During the first quarter of 2021, the Company repurchased $5 million of the 3.85% senior notes due 2023 at approximately 5% above par value. The total consideration, excluding accrued interests was approximately $5 million. As a result of the partial debt repurchase, the Company recorded an immaterial loss.

As a result of the debt rating downgrades by S&P Global Inc. (“S&P”) and Moody’s Corporation (“Moody’s”) in 2019 and 2020, respectively, certain of the Company’s outstanding senior notes aggregating to approximately $4.2 billion were subject to an interest rate adjustment of 25 basis points for each downgrade, for a total of 50 basis points. This increase to the interest rates of each series of the Company's senior notes subject to adjustment, increased the Company’s annualized interest expense by approximately $21 million. On February 11, 2022, S&P upgraded the Company’s debt rating to “BBB-” from “BB+” as S&P believed the Company has been able to achieve S&P’s target debt level. As a result of this upgrade, the Company will again be in a position to access the commercial paper market, up to a maximum of $800 million provided there is a sufficient amount available for borrowing under the Credit Revolver. In addition, the interest rate on the relevant senior notes will decrease by 25 basis points, reducing the Company’s interest expense by approximately $10 million on an annualized basis (approximately $8 million in 2022).

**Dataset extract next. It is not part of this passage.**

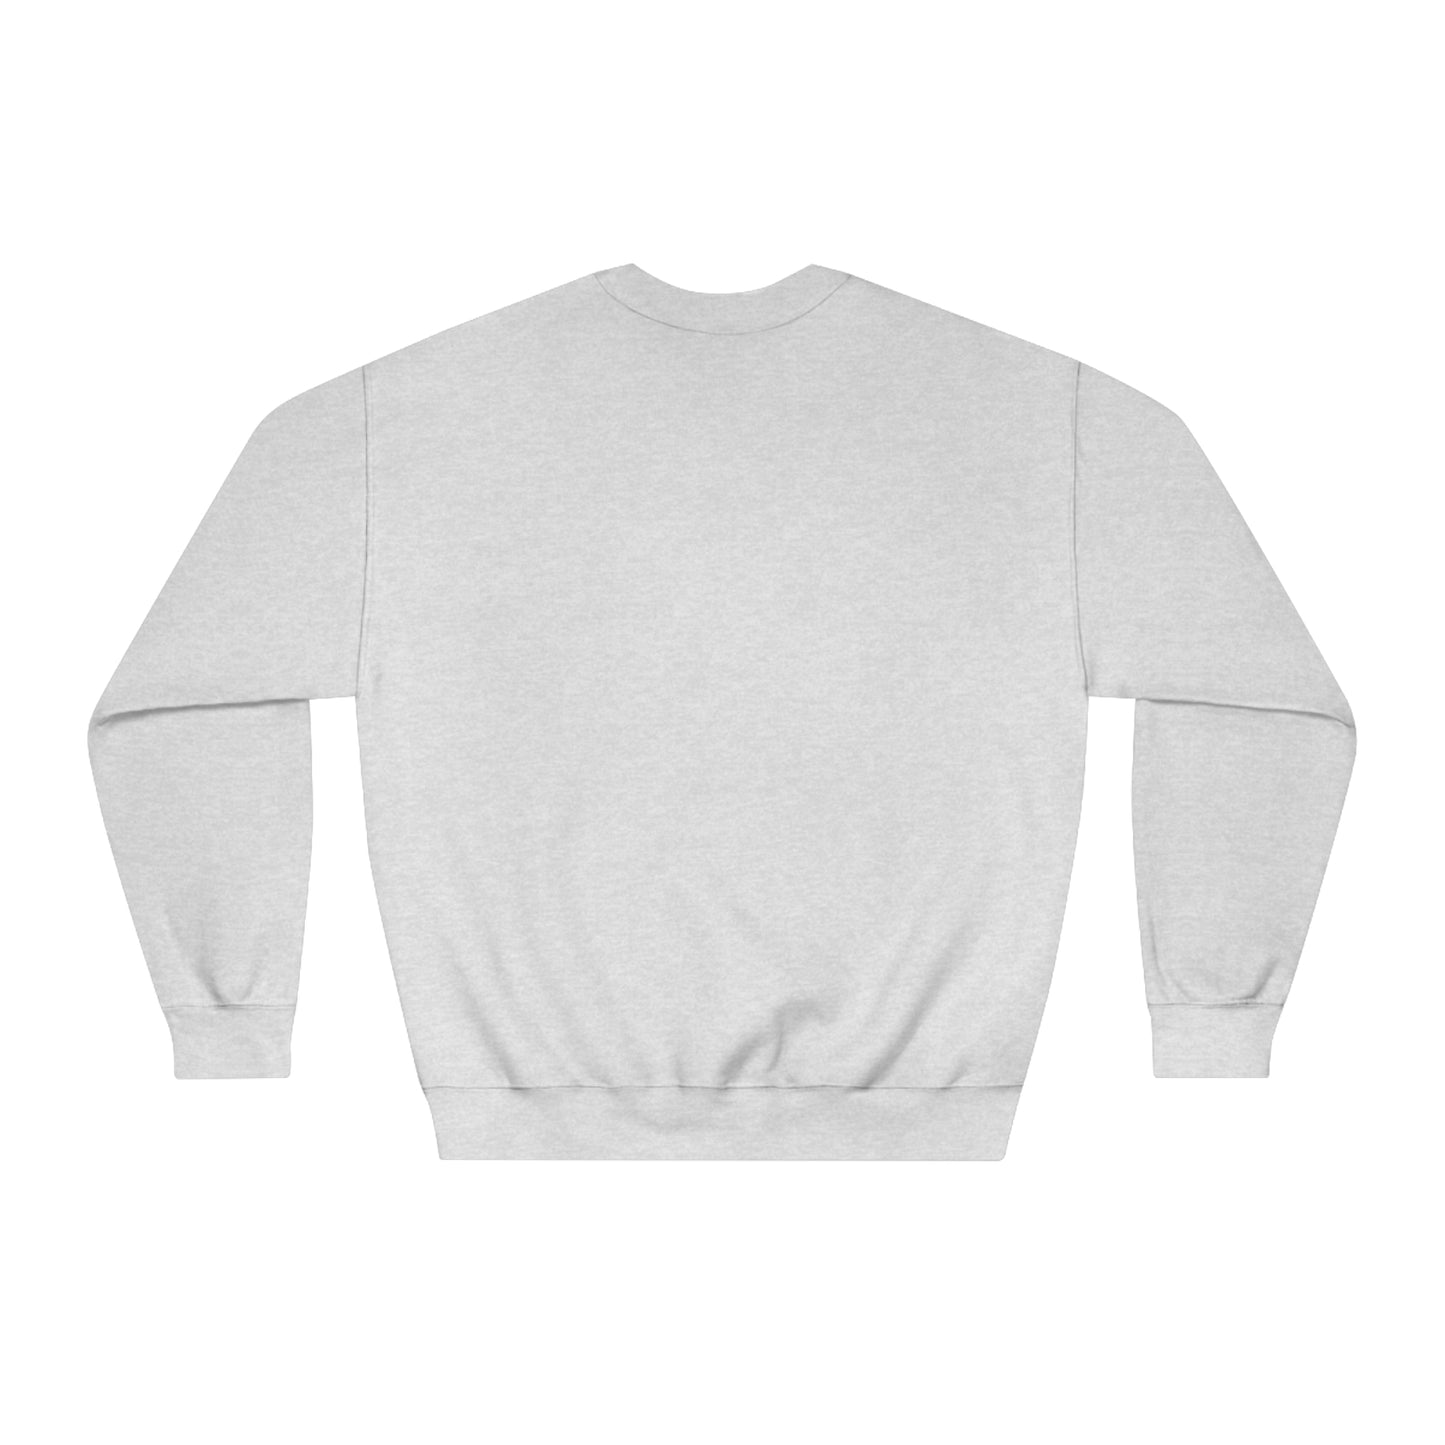 The Sparkle Sweatshirt

In connection with the expected sale of CH&S business in the first quarter of 2022, the Company anticipates using after-tax proceeds from the transaction towards the pay down of debt and share repurchases.

Receivables Facility

The Company maintains an Accounts Receivable Securitization Facility (the “Securitization Facility”). The aggregate commitment under the Securitization Facility is $600 million. The Securitization Facility matures in October 2022 and bears interest at a margin over a variable interest rate. The maximum availability under the Securitization Facility fluctuates based on eligible accounts receivable balances. At December 31, 2021, the Company did not have any amounts outstanding under the Securitization Facility.

Revolving Credit Facility

The Company has a $1.25 billion revolving credit facility that matures in December 2023 (the “Credit Revolver”). At December 31, 2021, the Company did not have any amounts outstanding under the Credit Revolver. In addition, there were approximately $22 million of outstanding standby letters of credit issued against the Credit Revolver.

Future Debt Maturities

The Company’s debt maturities for the five years following December 31, 2021 and thereafter are as follows (in millions):

20222023202420252026ThereafterTotal
$3$1,090$201$547$1,985$1,087$4,913

Other

The indentures governing the Company’s senior notes contain usual and customary nonfinancial covenants. The Company’s borrowing arrangements other than the senior notes contain usual and customary nonfinancial covenants and certain financial covenants, including minimum interest coverage and maximum debt-to-total-capitalization ratios.

At December 31, 2021 and 2020, unamortized deferred debt issue costs were $24 million and $29 million, respectively. These costs are included in total debt and are being amortized over the respective terms of the underlying debt.

The fair values of the Company’s senior notes are based on quoted market prices and are as follows at December 31, (in millions):
20212020
Fair ValueBook ValueFair ValueBook Value
Senior notes$5,477 $4,877 $6,277 $5,588 

The carrying amounts of all other significant debt approximates fair value.
Net Investment Hedge

The Company previously designated the €300 million principal balance of the 3.75% senior notes due October 2021 as a net investment hedge of the foreign currency exposure of its net investment in certain Euro-functional currency subsidiaries with Euro-denominated net assets. In conjunction with the redemption of the October 2021 Notes, the Company settled this net investment hedge. At December 31, 2021, $11 million of deferred losses have been recorded in AOCL. See Footnote 10 for disclosures regarding the Company’s derivative financial instruments.